## EXERCISE REQUIREMENTS
Your task is to repeat the entries underneath exactly, minus the pictures.
***
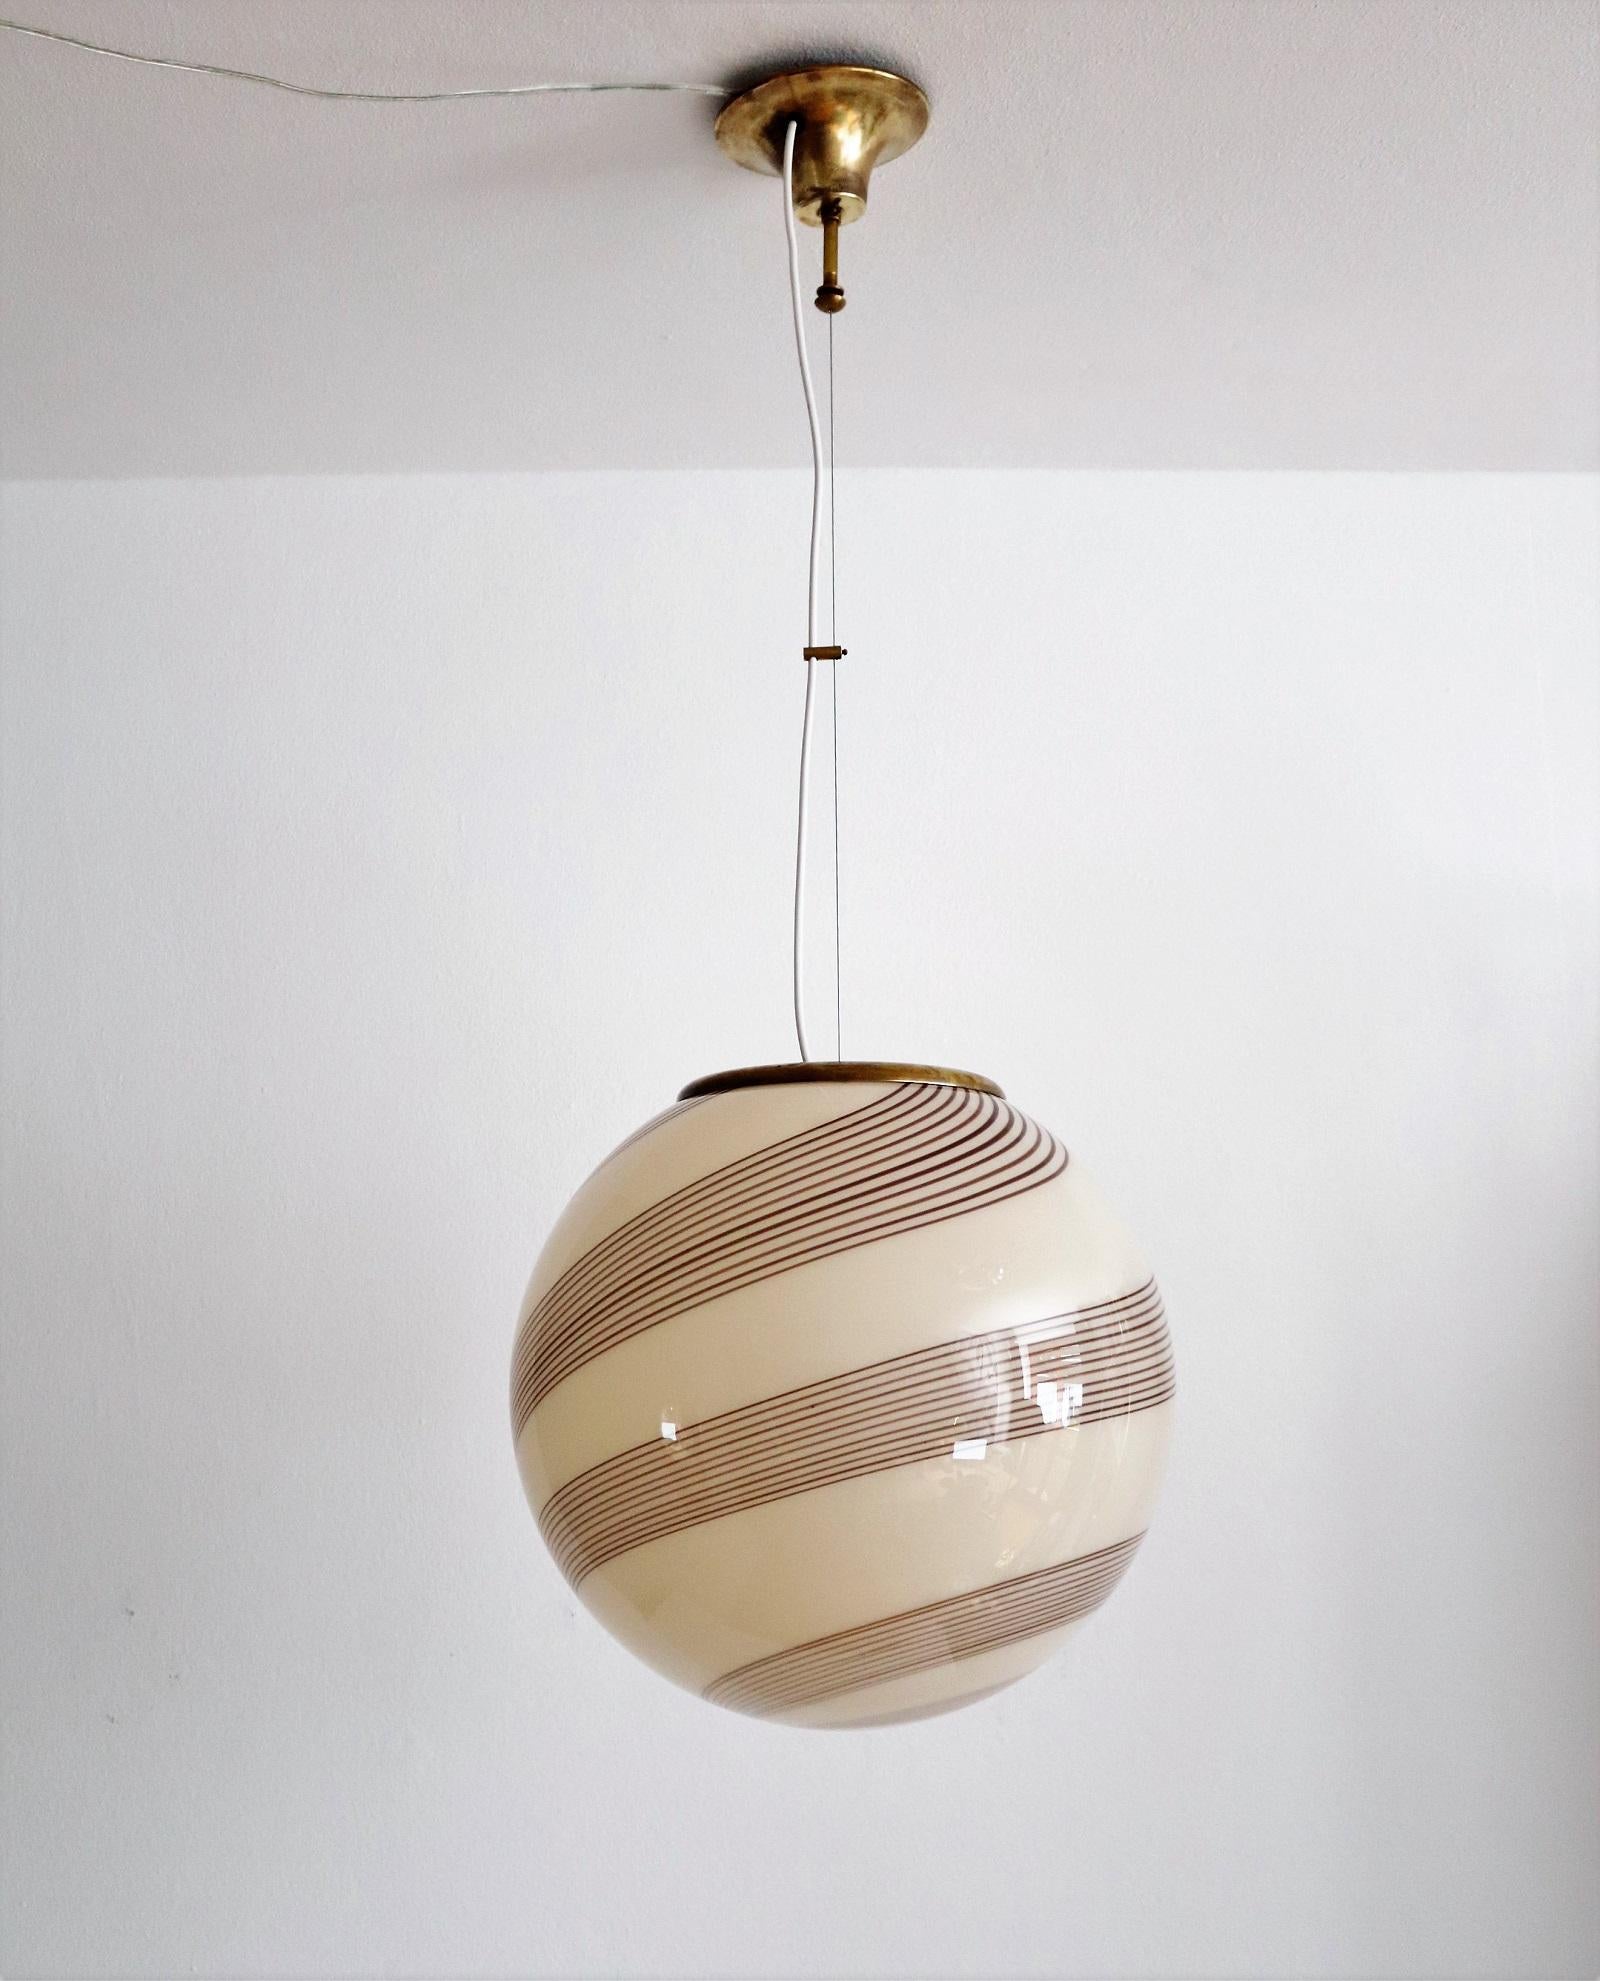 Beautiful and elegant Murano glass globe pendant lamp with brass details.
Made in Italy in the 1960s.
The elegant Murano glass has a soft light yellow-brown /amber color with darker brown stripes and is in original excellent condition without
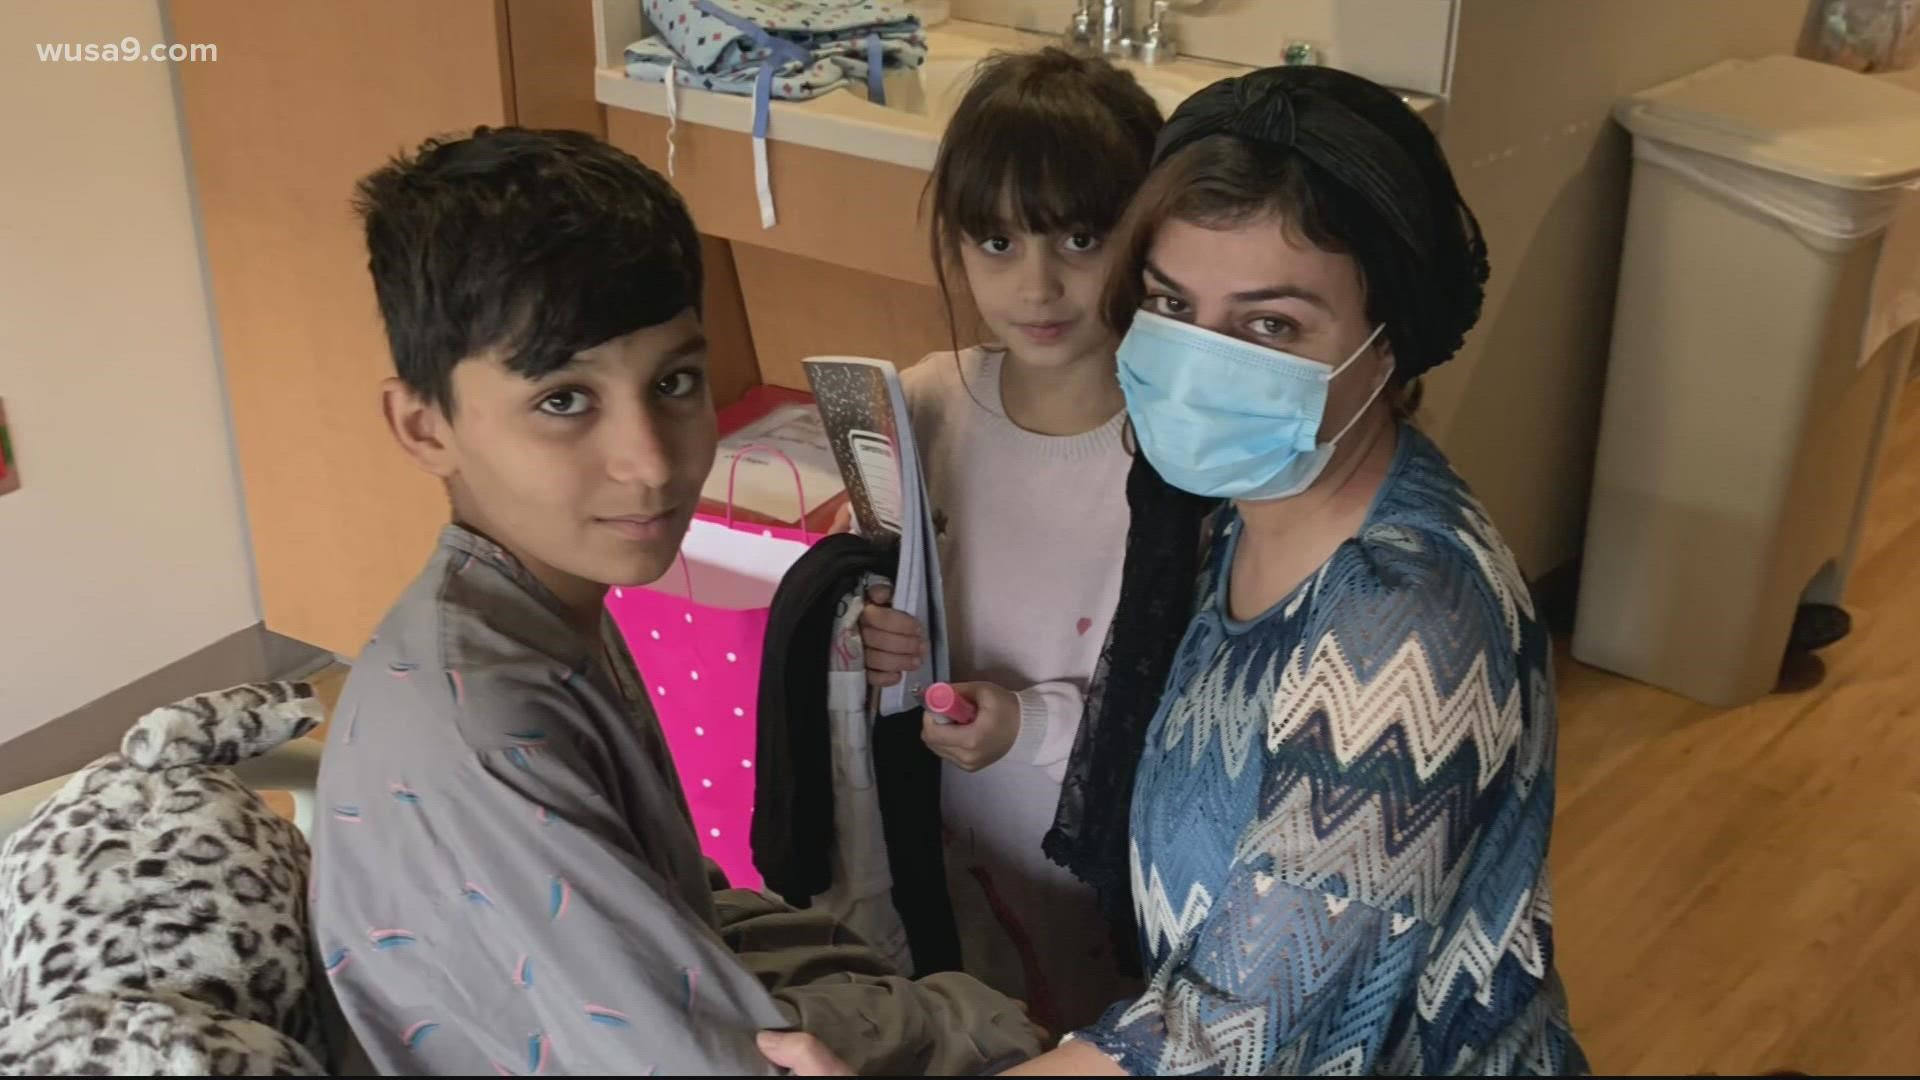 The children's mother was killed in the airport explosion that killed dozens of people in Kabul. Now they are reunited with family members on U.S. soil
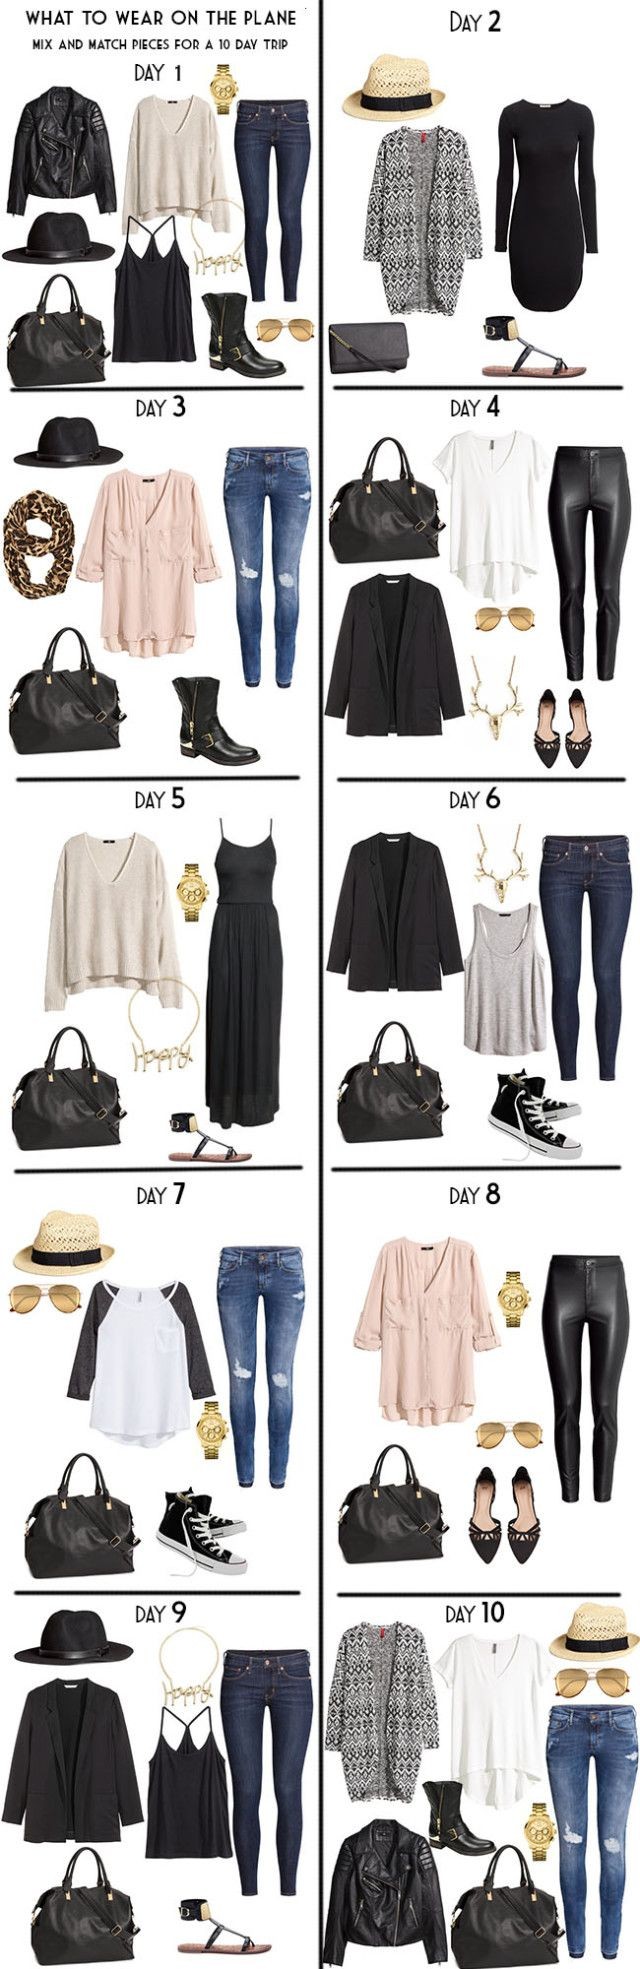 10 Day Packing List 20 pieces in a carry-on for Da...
***
## THE ANSWER
 Beautiful and elegant Murano glass globe pendant lamp with brass details.
Made in Italy in the 1960s.
The elegant Murano glass has a soft light yellow-brown /amber color with darker brown stripes and is in original excellent condition without
 The children's mother was killed in the airport explosion that killed dozens of people in Kabul. Now they are reunited with family members on U.S. soil
 10 Day Packing List 20 pieces in a carry-on for Da...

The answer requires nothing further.